16. МЫСЛЯЩИЙ МЕТАЛЛ!

– Допустим, – согласился я. – Мы подходим к их способу передвижения. В простейшей формулировке всякое движение есть перемещение в пространстве под воздействием силы тяготения. Ходьба человека – это постоянное преодоление силы тяготения, которая стремится притянуть его к поверхности земли и прижать к ней. Гравитация распространяется в эфире – это колебания, родственные магнитному полю, которое, если использовать ваше сравнение, поворачивает молекулы железа. Ходьба – это постоянные разрывы поля тяготения.

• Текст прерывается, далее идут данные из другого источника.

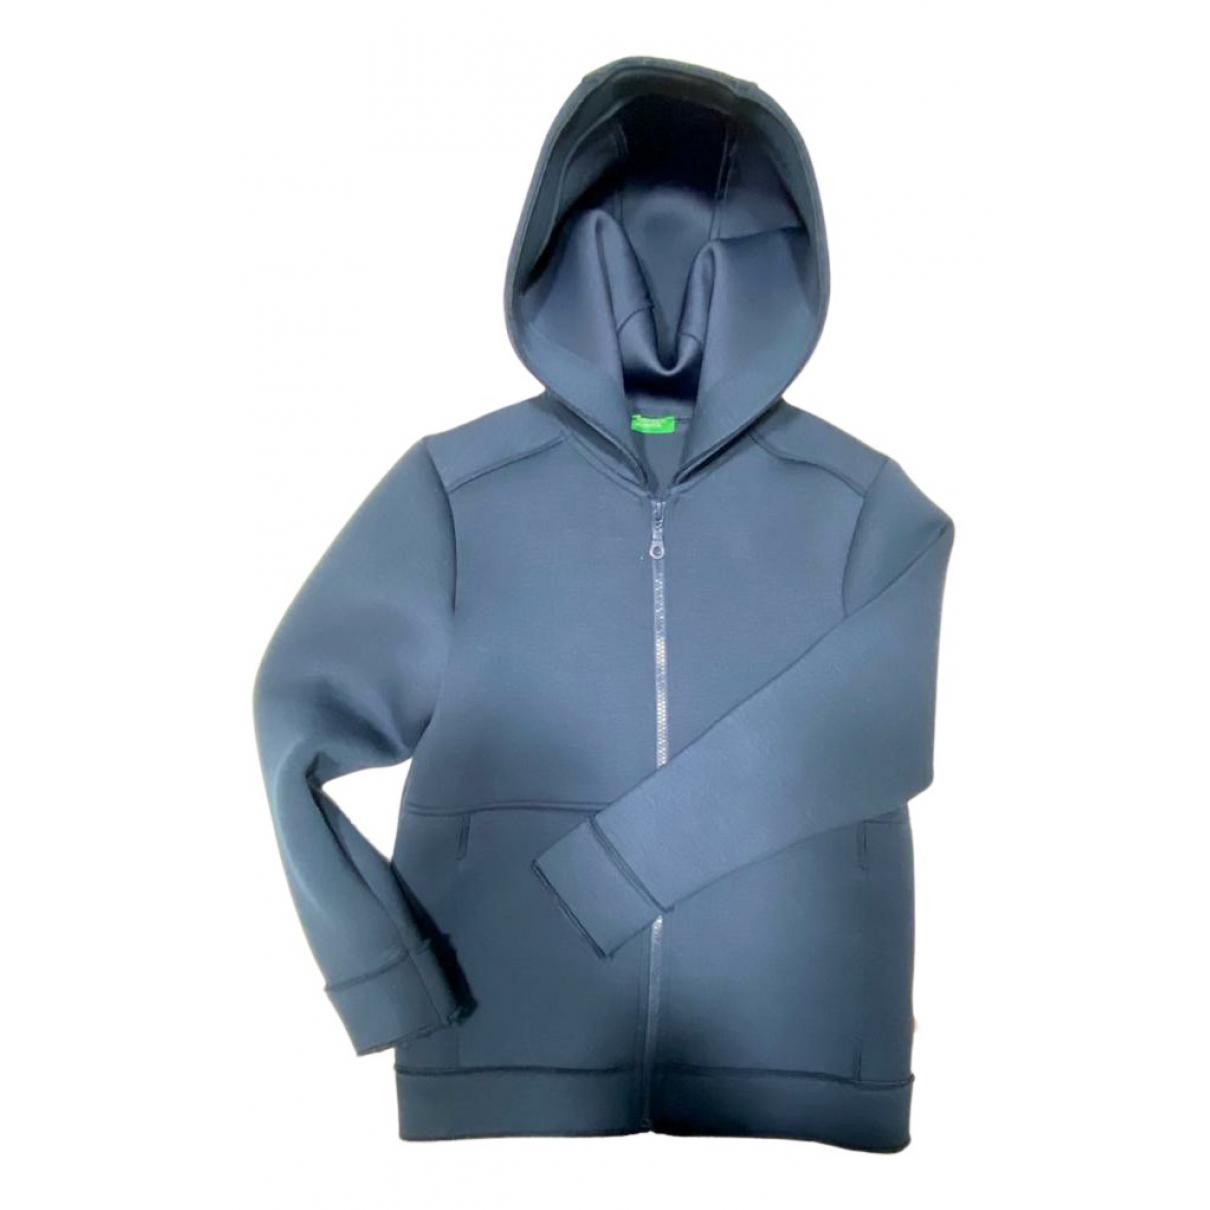 Benetton - Blousons.Manteaux   pour enfant - bleu

– Снимите на пленку идущего человека, пропустите ускоренно, и вам покажется, что человек летит. Не будет видно постоянных падений и подъемов, из которых и состоит ходьба.

– Я полагаю, что передвижение этих существ состоит в постоянном преодолении поля тяготения, точно так же, как наша ходьба, только в таком ритме, что нам это продвижение кажется непрерывным.

– Несомненно, если бы мы могли замедлить поступление частичек света в глаз, мы бы увидели вместо непрерывного полета серию прыжков – точно так же как замедление пленки показывает нам ходьбу как серию спотыканий.

– Хорошо, до сих пор в этом феномене нет ничего такого, что человеческий мозг счел бы невозможным; поэтому интеллектуально мы продолжаем оставаться хозяевами этого феномена; нам нужно опасаться только недоступного человеческой мысли.

– Металлические и кристаллические, – сказал Дрейк. – А почему бы и нет? А мы сами кто такие? Кожаные мешки, полные некими жидкостями и опирающиеся на подвижное устройство, состоящее в основном из извести. Мы, с нашей кожей, ногтями и волосами, происходим в конечном счете из того первобытного желе, которое существовало бессчетные миллионы лет назад и которое Грегори [6] назвал протобионом. И оттуда же змеи с их чешуей и птицы с их перьями; рог носорогов и волшебные крылышки бабочки; панцирь краба, тонкая паутинка и сверкающее чудо перламутра.

– Разве между всеми ними меньшая пропасть, чем между нами и металлом? Я думаю, нет.

– Не материально, – согласился я. – Но остается вопрос о сознании.

– Этого я не могу понять, – сказал Дрейк. – Вентнор говорил… как он это назвал? – о групповом сознании, действующем в нашей сфере и в сферах выше и ниже нашей, с известными и неизвестными нам чувствами. Я вижу это… смутно, Гудвин… но не могу понять.

– Мы согласились называть эти существа металлическими, Дик, – ответил я. Но это совсем не значит, что они состоят из известных нам металлов. Но, будучи металлическими, они должны иметь кристаллическую структуру.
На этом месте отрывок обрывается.